‘Mum!’ says Lexi, wriggling free.
It’s like letting her go off on a gap year.
They hug, and I watch with breath held.
‘You’ve grown so – uh, grown up,’ says Elisa finally.
‘I was fourteen in March,’ says Lexi.
‘OMG, really?’ says Elisa.
There is a pause. Dan and I look at each other.
‘But you know that,’ he says easily, although to me, I can hear the steel in his voice. ‘Obviously, you wouldn’t forget that.’
‘Of course not,’ says Elisa. ‘Silly me. It’s just that, well – you’ve grown so tall ...’
Elisa still looks startled at this. Did she think Lexi was still in pigtails and little girl sweaters with fairies on them?
Lexi beams at her. How could anyone resist this exquisite girl who is kind, funny and so talented?
Both myself and Dan put a hand on each of her shoulders but she shrugs them off.
‘I follow you all the time, Elisa,’ says Lexi, who clearly doesn’t plan on calling this woman ‘Mother’.
Small mercies.
‘You do?’
Safer ground here. Elisa can do fans.
Fans, but not daughters?
‘I should give you my autograph.’ Elisa is all perked up now. Bet she has a pink pen and puts hearts on the ‘i’s in her name. Fine until you’retwenty-five; worrying afterwards.
‘Not an autograph,’ I say, attempting my ‘isn’t this fun?’ voice. You do not give someone you actually carried in your body an autograph.

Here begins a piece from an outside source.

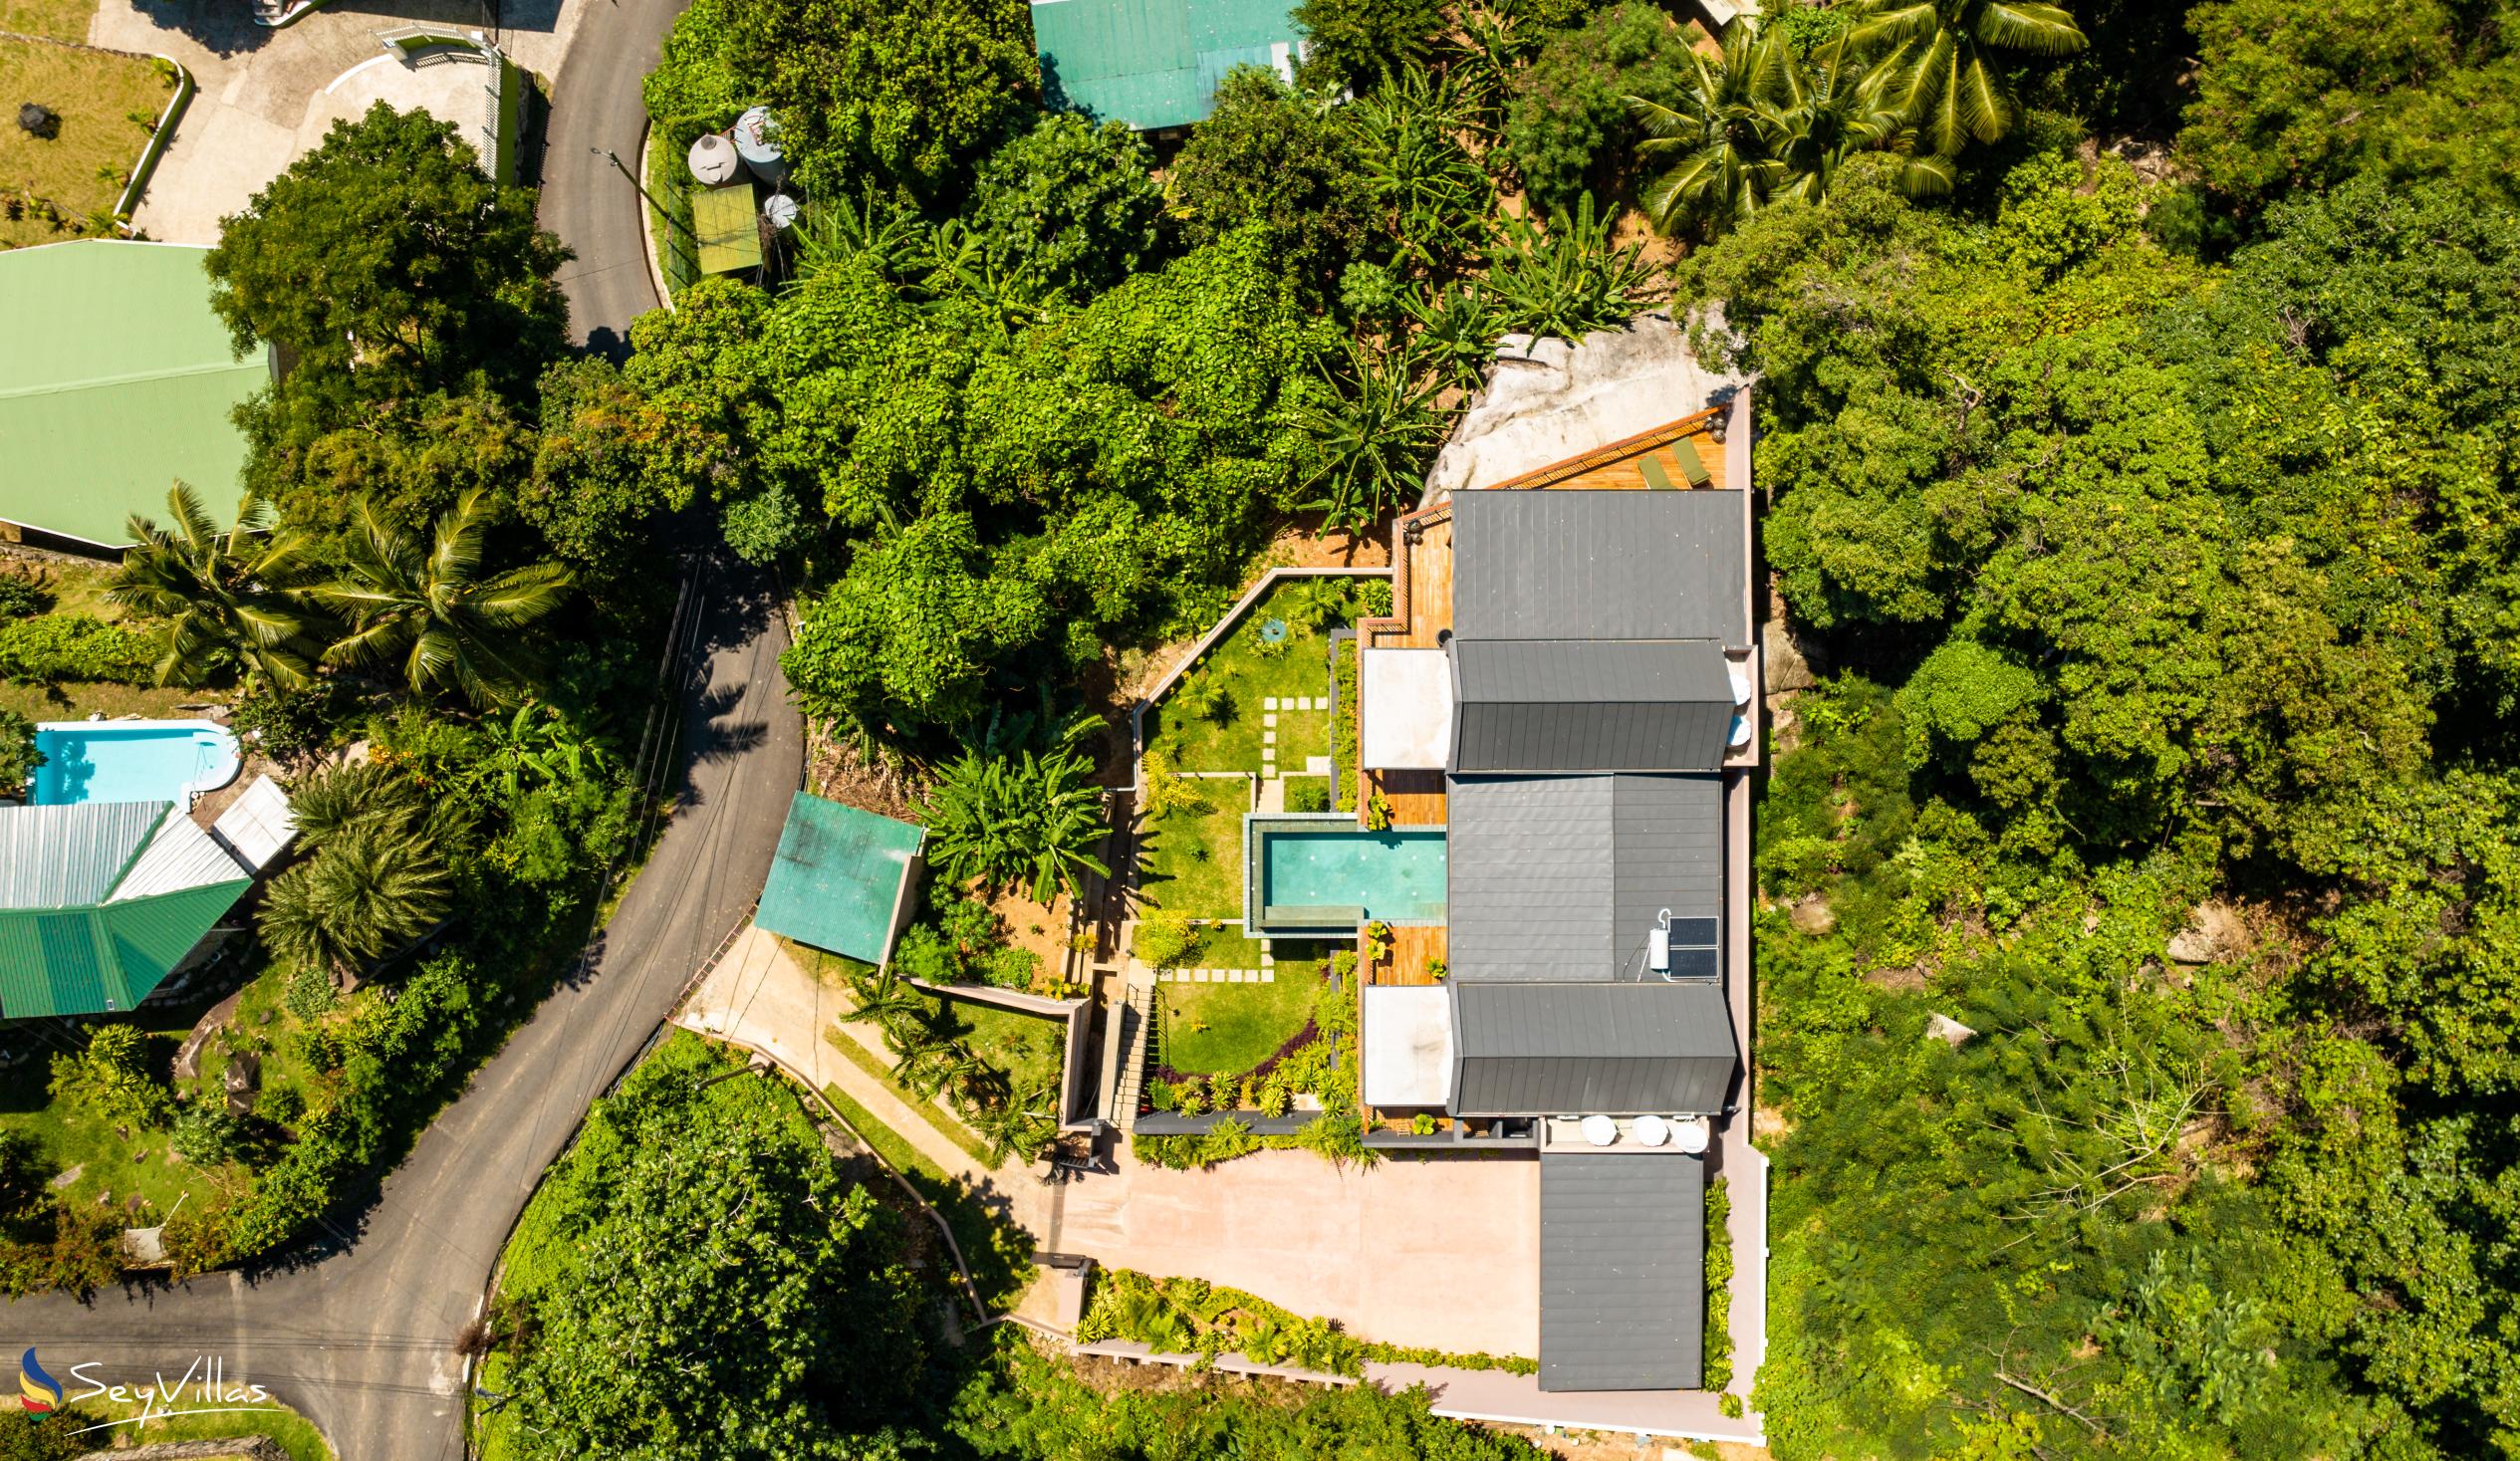 Foto 13: Maison Gaia - Extérieur - Mahé (Seychelles)

‘The girls in school would love it!’ Lexi says.
Nobody in her school ever wants my autograph, I think glumly. But then, they see me picking Lexi up in a dirty car with my hair a mess and Teddy screaming things at us all from the back seat and tossing her small box of raisins around. That does take the glamour away, somewhat.
‘You’re right, Freya,’ says Elisa. ‘Instead, show them this!’
She walks, in a rippling movement, over to one of the tables where she picks up a neon pink bag left to one side and tied with a white bow.
She repeats the rippling walk back and I wonder if she’s had an eighth of an inch removed off one shoe, the way Marilyn was supposed to have done, in order to keep that exquisite hip movement going.
‘I picked all of this myself for you,’ she says, handing the bag to Lexi, who flushes with pleasure.
‘I’ve even signed the compliment slip inside,’ Elisa adds, ‘but it’s not an autograph.’
This last bit is to me.
‘I’m not really famous yet and just so you all know, I’m using Elisabetta from now on. The Surella people love it. It’s classier.’
‘Ilove it,’ says Lexi happily.
‘Now, I know you came to see this, but it’s probably not a good idea this morning,’ Elisa – sorry, Elisabetta – says. She gives me a look that I instantly identify: anxiety over me being here.